The JMS Consumer origin reads data from a Java Messaging Service (JMS).
The Kinesis Consumer origin reads data from Amazon Kinesis Streams.
The MapR DB JSON origin reads JSON documents from MapR DB JSON tables. The origin converts each document into a record.
The MapR FS origin reads files from MapR FS. Use this origin only in pipelines configured for cluster batch pipeline execution mode.
The MapR FS Standalone origin reads files in MapR. The origin can use multiple threads to enable the parallel processing of files. The files to be processed must all share a file name pattern and be fully written.
The MapR Streams Consumer origin reads messages from MapR Streams.
The MQTT Subscriber origin subscribes to topics on an MQTT broker to read messages from the broker. The origin functions as an MQTT client that receives messages, generating a record for each message.

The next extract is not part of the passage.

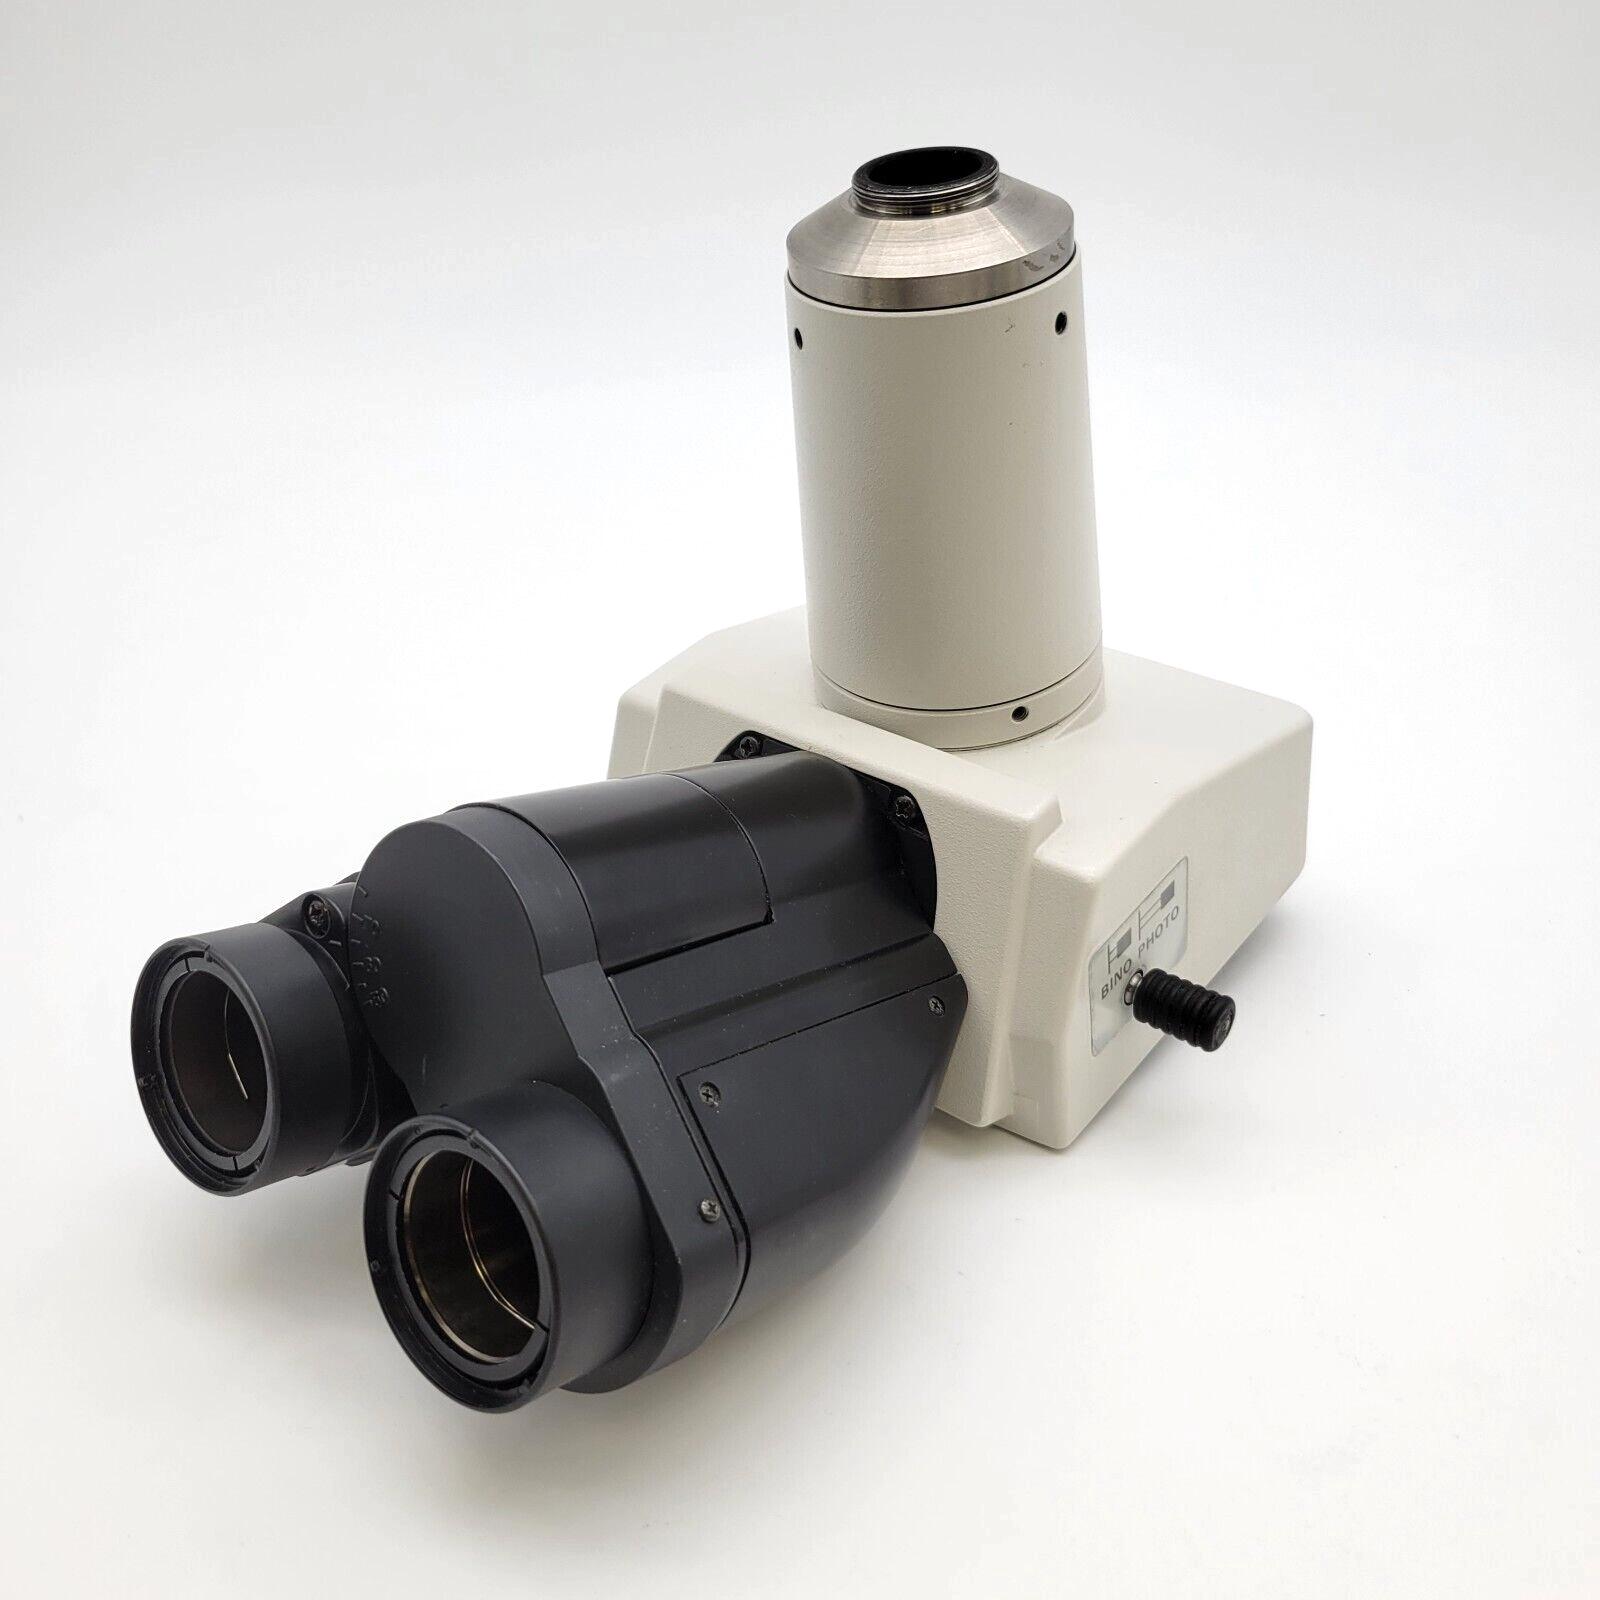 Nikon Microscope Trinocular Head for Eclipse Series

The Omniture origin processes JSON website usage reports generated by the Omniture reporting APIs. Omniture is also known as the Adobe Marketing Cloud.
The PostgreSQL CDC Client origin processes Write-Ahead Logging (WAL) data to generate change data capture records for a PostgreSQL database. Use the PostgreSQL CDC Client origin to process WAL data from PostgreSQL 9.4 or later. Earlier versions do not support WAL.
RabbitMQ Consumer reads AMQP messages from a single RabbitMQ queue.
The Redis Consumer origin reads messages from Redis.
The SDC RPC origin enables connectivity between two SDC RPC pipelines. The SDC RPC origin reads data passed from an SDC RPC destination. Use the SDC RPC origin as part of an SDC RPC destination pipeline.
The SFTP/FTP Client origin reads files from a server using the Secure File Transfer Protocol (SFTP) or the File Transfer Protocol (FTP).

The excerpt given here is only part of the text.